[FLUME-286] DFO mode does not detect network failure - Cloudera Open Source

Details

Type: Bug
Status: Closed
Priority: Critical
Resolution: Fixed
Affects Version/s: v0.9.1
Fix Version/s: v0.9.2
Component/s: Sinks+Sources
Labels:
None

Description

Collector configured as:

exec config auctionlogsink 'collectorSource(35853)' '

{ gunzip => collectorSink( "hdfs://clmaster01/bidder_data/raw/auction_logs/%Y%m%d/%H/", "auctionLog-", 300000 ) }

Agent configured as:

exec config nym7-bidlog 'syslogTcp(5140)' '

{ gzip => agentDFOSink( "clmaster01", 35853 ) }

We first observed this problem in production when our collector server went down.

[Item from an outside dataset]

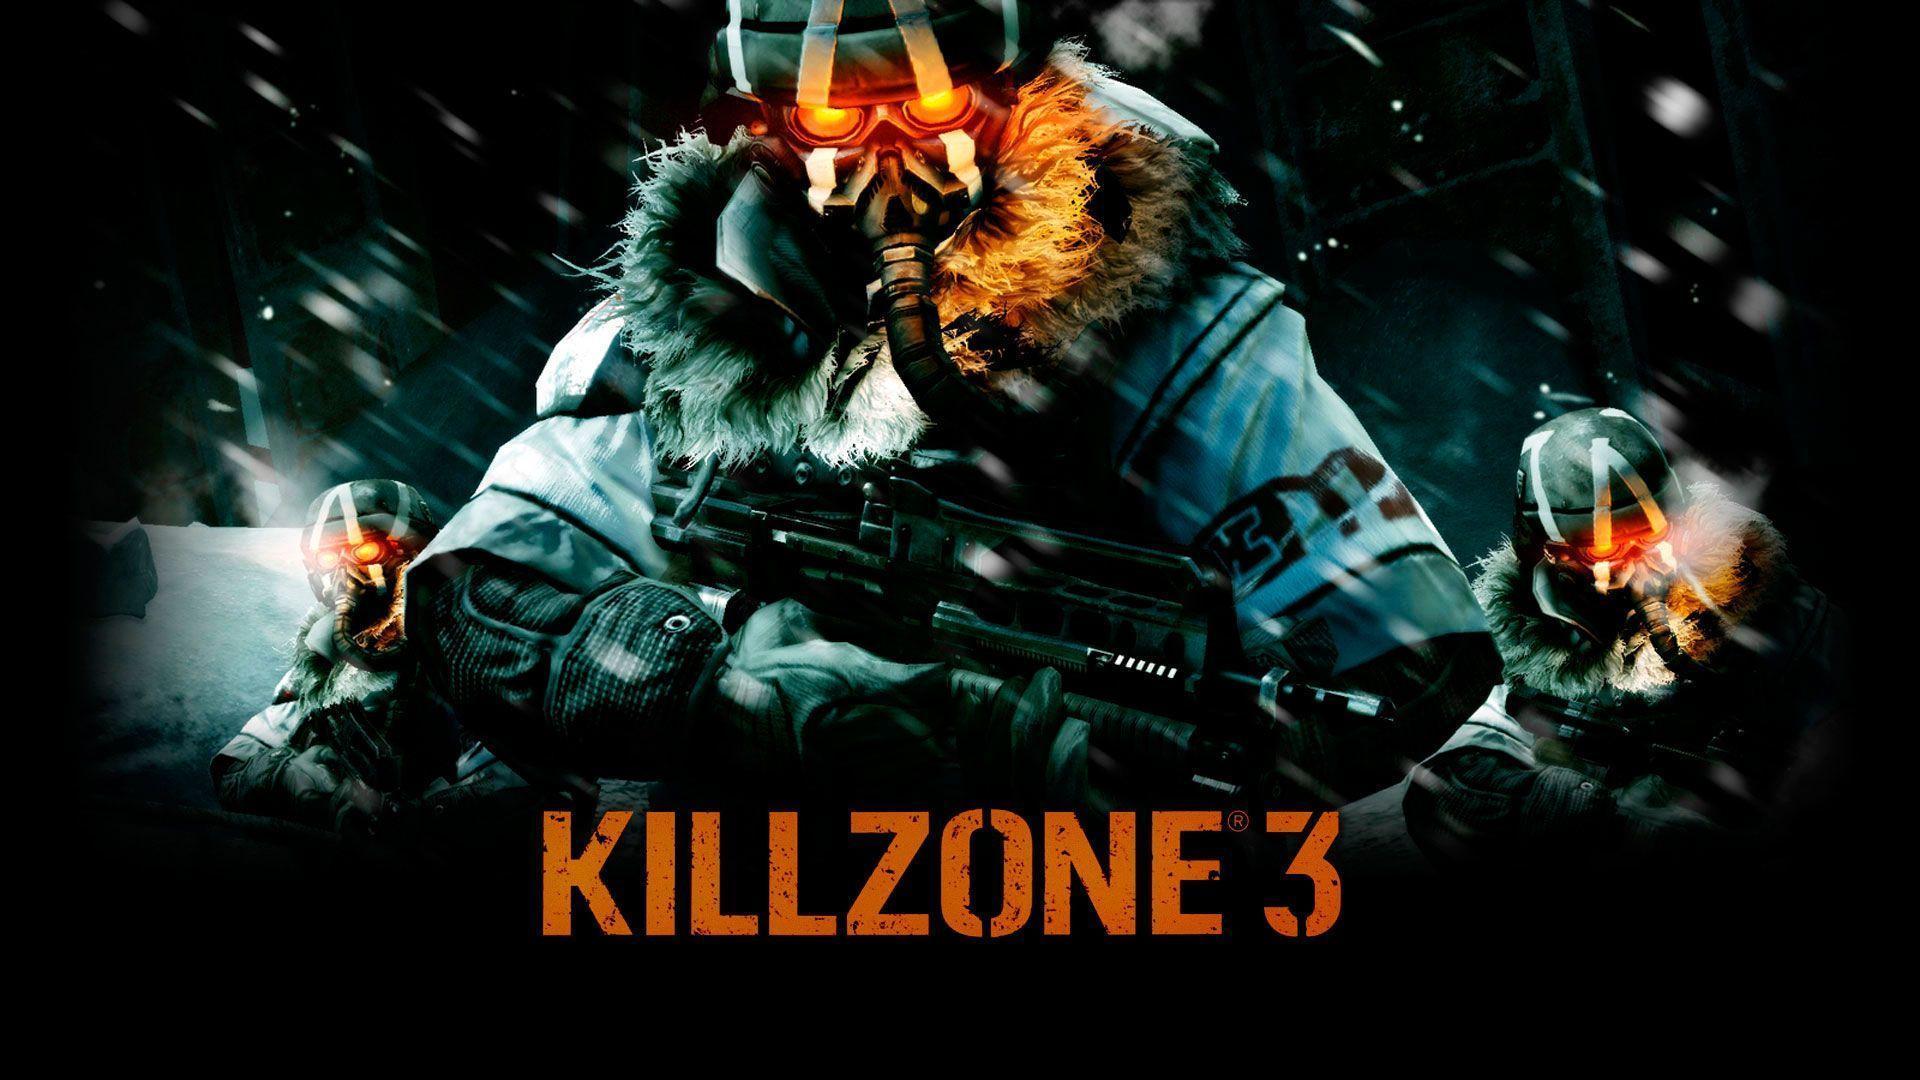 Video Game Killzone HD Wallpaper

I've since observed it in a test environment too. If you simply stop the collector process, the agent immediately notices and starts writing events to disk:

2010-10-19 17:40:09,549 INFO com.cloudera.flume.handlers.debug.InsistentOpenDecorator: open attempt 0 failed, backoff (1000ms): Failed to open thrift event sink at 192.168.1.43:35855 : java.net.ConnectException: Connection refused

However, in the event of a network failure (or failure of the machine to respond in any way, as was observed in our production scenario), simulated by pulling out the ethernet cable from the machine, the agent node continues as if nothing has gone wrong.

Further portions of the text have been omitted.